# Alternate name for a twist stance



## mhouse (Aug 18, 2004)

Here's an interesting question. 

 What is the alternate name for a twist stance?  

 This question was brought up in my monday night class. Apparently our Sensei was looking for a specific answer because all of our guesses were incorrect. Most of us tried "cross stance" but that apparently wasn't it.

  It's possible that he's misleading us and there is no specific name, but that doesn't seem to be the type of thing he'd do.

 I'd be interested to hear any alternate names you have, no matter what kind of Kenpo/Kempo you study. 

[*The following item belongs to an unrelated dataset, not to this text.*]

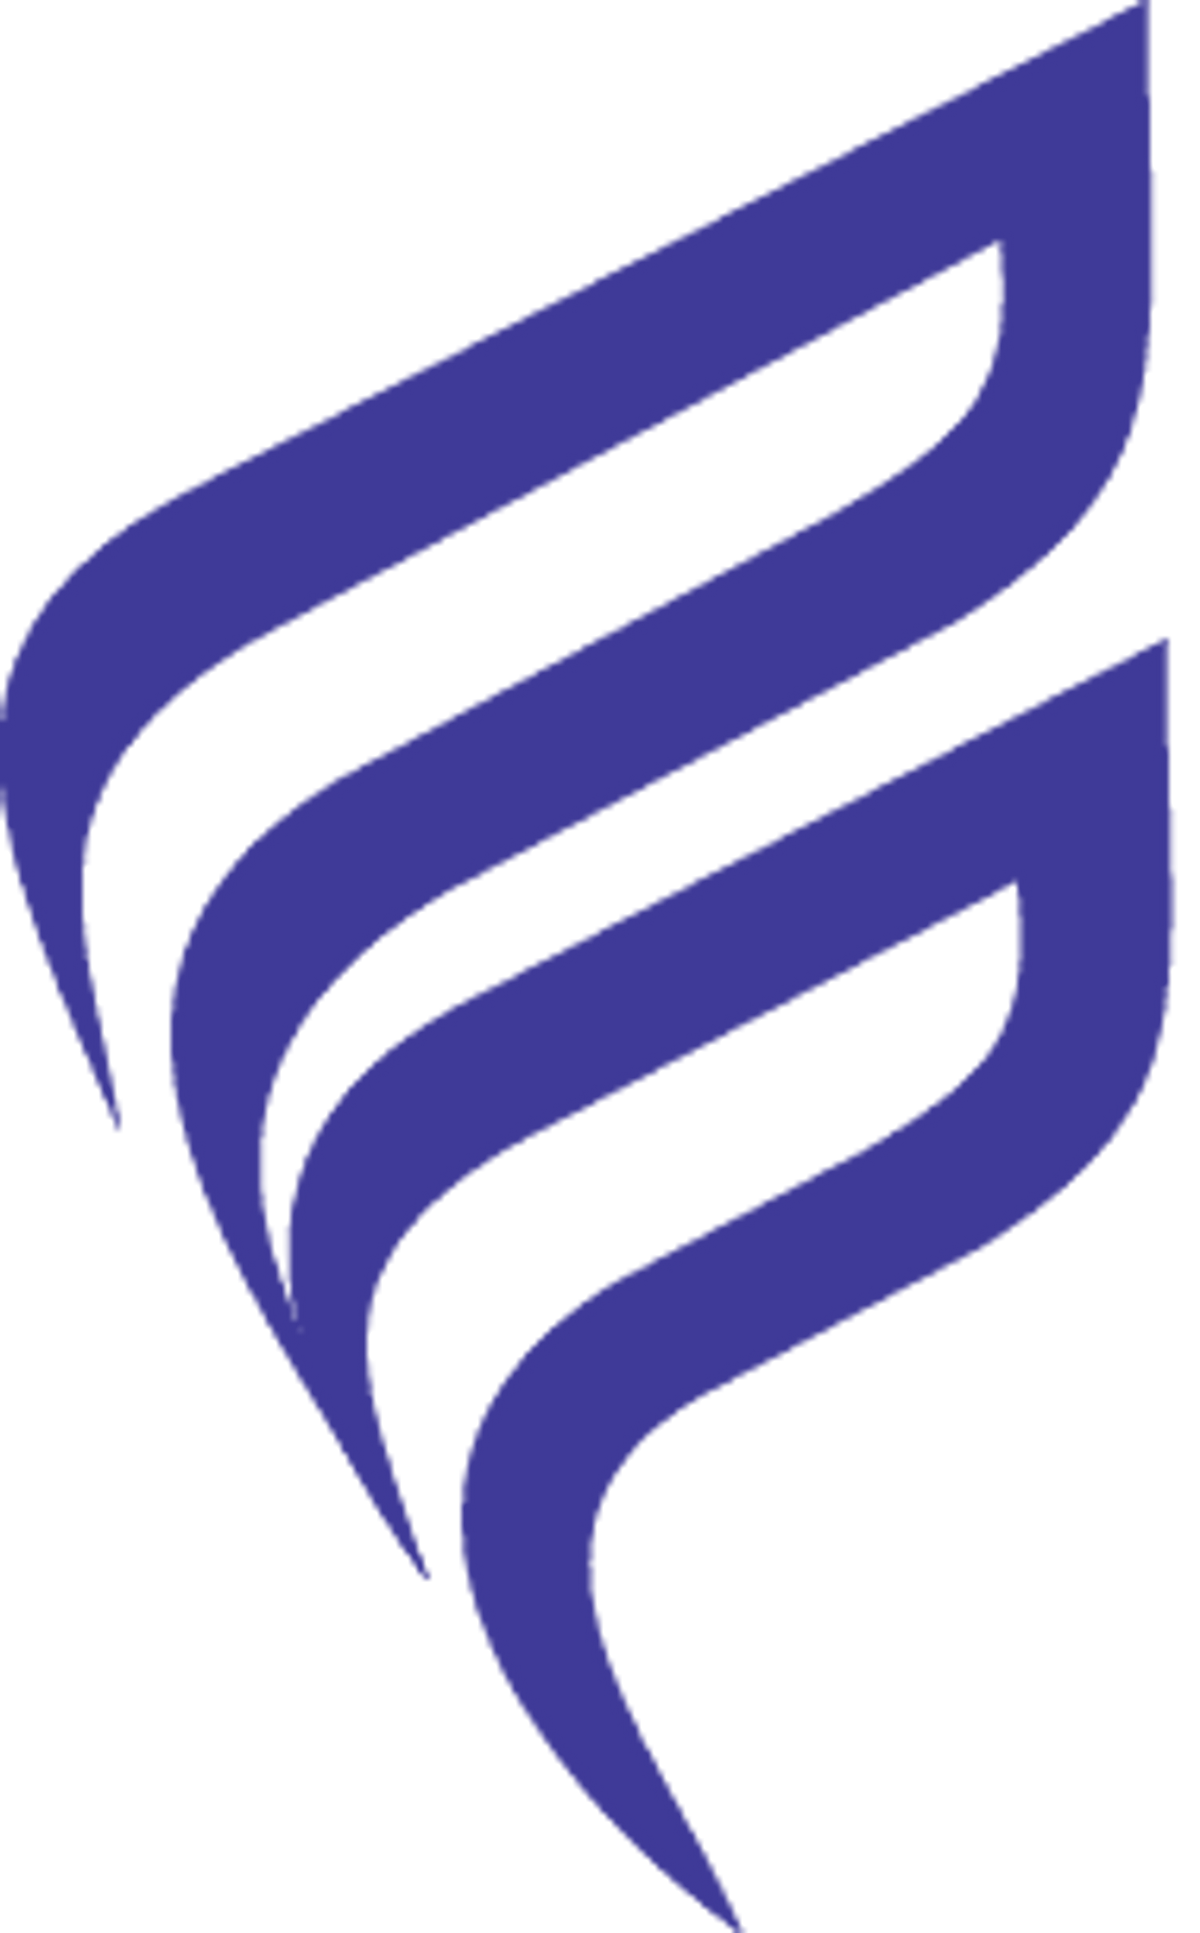 logomark-purple.png

 I'll be sure to post back to this thread if I ever get an answer out of my Sensei.

Thanks!


----------



## MisterMike (Aug 18, 2004)

Reverse Cat


----------



## mj-hi-yah (Aug 18, 2004)

...:lookie: uhhh...entwine, encircle, spiral?


----------



## Rick Wade (Aug 18, 2004)

A stance of transition.

It is my personal belief that the only static stance is neutral bow therfore you will always be moving.  And even then a neutral bow can be a stance of transition.


----------



## punisher73 (Aug 18, 2004)

I guess if you wanted to go REALLY out of the way you could call it a Qilin Bow. It is the name for the crossover stepping used in the tiger/crane form in hung gar. It is supposed to imitate the qilin which is an animal that has the body of a dragon and the feet of a deer (there are other variations of the animal as well).


----------



## Rob Broad (Aug 18, 2004)

I have heard of it referred to as a Ladies "T" stance in the past.


----------



## Mark Weiser (Aug 18, 2004)

Step Thur Stance, Unfirling Stance due to the continous motion you get, Torque Stance


----------



## DavidCC (Aug 19, 2004)

In Shaolin Kempo, we call it the "Snake Stance" or the Twist Stance.  I was reading a book on Eagle Claw kung-fu the other day and they had a different name for it, but I cant remember what it was...


----------



## mhouse (Aug 19, 2004)

These are all great responses. Thank you for everyone's input so far. I plan to try some of these tonight.


----------



## BlackCatBonz (Aug 19, 2004)

in japanese its called juji dachi


----------



## Randy Strausbaugh (Aug 20, 2004)

Sometimes called a scissors stance.


----------



## Scout_379 (Aug 20, 2004)

I dont do kenpo, so I don't know what a twist stance is to begin with. But in my style, the only stance where the legs are crossed is called koso dachi.


----------



## kenpoworks (Oct 17, 2004)

"Twisted Horse" ..............any good!


----------



## Mark Weiser (Oct 17, 2004)

From Ed Parker's Book Infinite Insights into KENPO Volume #2 starting on page 82 is the section on Twist Stances. 


Twisted Hors
Front
Rear
aka Cross over


----------



## Touch Of Death (Oct 17, 2004)

Everything is transitional...
cross over.
Sean


----------



## Doc (Oct 17, 2004)

Mr. Parker always said that all stances are derived from the "horse stance," and described the twist as getting its name from a "horse stance that is twisted," and described it as a "Twisted Horse Stance" in his last published "Encyclopedia of Kenpo."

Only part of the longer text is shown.